In my recollection of darknesses one of those really dark experiences was reading E.M.
Cioran’s The trouble with being born. This book made such a deep impression especially
because in that darkness there is no escape, no suicide, no nothing, I see Philip Guston’s
smoking men and remember Cioran’s favourite holiday: going through the French
countryside visiting graveyards and lying on a grave smoking, looking at the sky. I always
considered this an artistic thought, I imagined this smoking philosopher lying on a tombstone
as a sort of sculpture, maybe a performed sculpture. By smoking on a grave we no longer
conceal our bad behaviour, we openly confess to be playing with death. We face our black
lungs with a cigarette in hand. And the graveyard reflects us into the dark future. Creating,
smoke and ashes, those sublime shades of gray, dissolve.
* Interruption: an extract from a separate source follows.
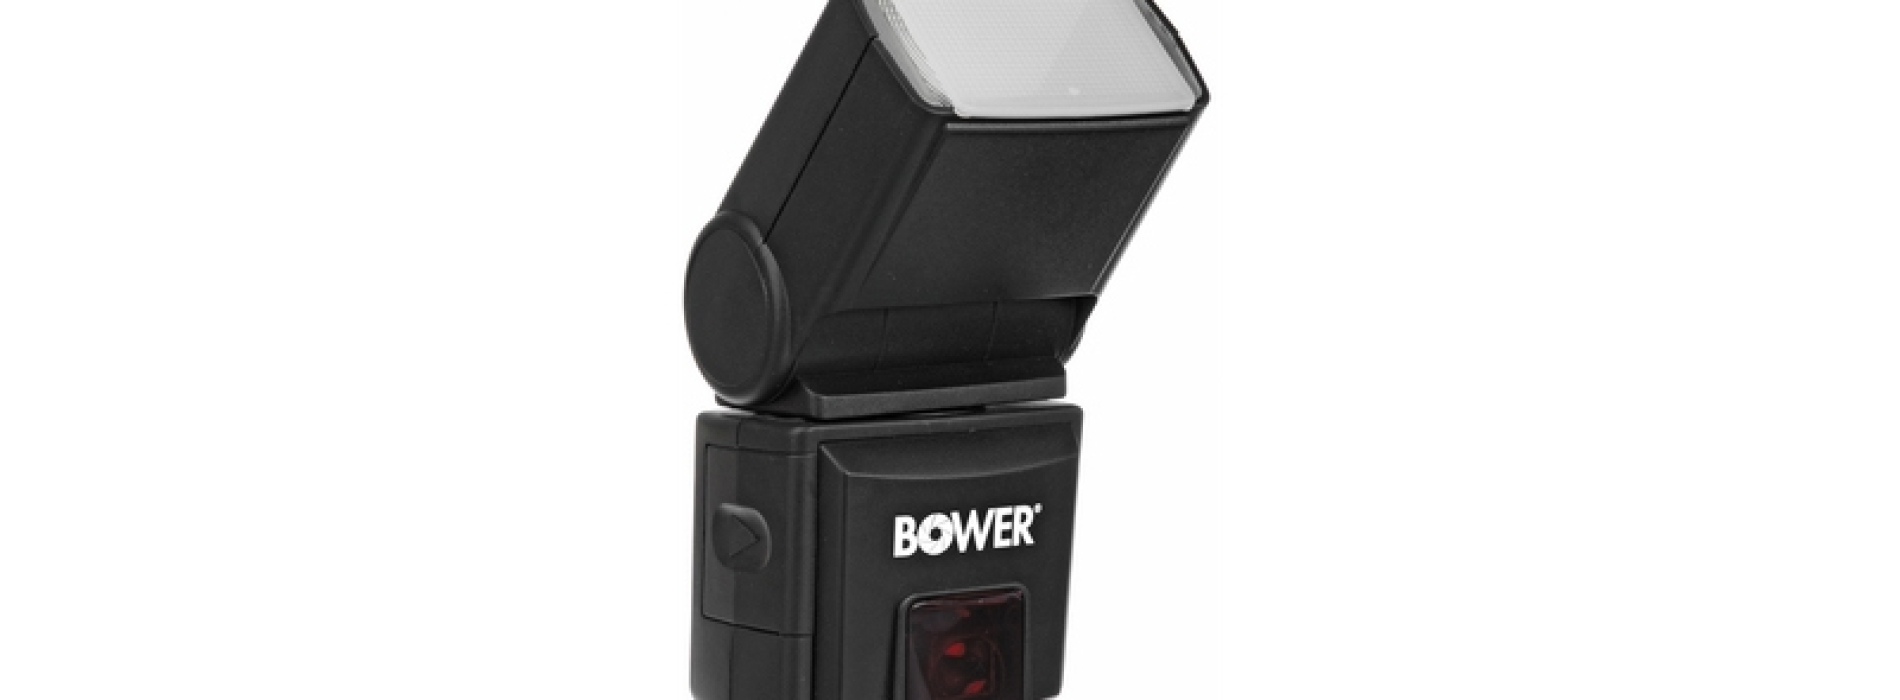 Ремонт вспышек Bower

But what about blackness that
always takes a negative load, as coal, as the place of evil? Not to speak, to be blitzed with
silence, to swear to never speak again, like Andrei Rublev. The half price final solution (the
ultimate bargain), the haunting muselman, this living image of death that Agamben describes
in his Remnants of Auschwitz. The witness and the archive. Obviously we fear to lose our
resistance to death, our life force. We trace the black lines on paper with coal graphite we
remember, traces of time but never exact. And they’re erasable. The erasable life. Do we have
a naked life?
When we we’re black, like Woody Allen’s Zelig, who just adapted: a metamorphosis as an
artwork, being as smoke. Like Malevich’s Black Square, which was a sign not a painting. In
this sense the Black Square functioned as a symbol of hope and renewal. Icon of the truth of
being active. UNOVIS could still be a model in that sense, art school as a travelling institute,
being as smoke. We use other means of transport, metaphors. My understanding of the
concept grew when I realised that this was to be taken literally. Moving companies in Greece
are still Metaphores, transporters, bringing something from A to B. Black magic? I think not.
Materiality is not a lie, it’s just sometimes hard to deal with, the blackened vision, black out.
And we say everything was real untill the black out, when riots began, Burnin’ and lootin’.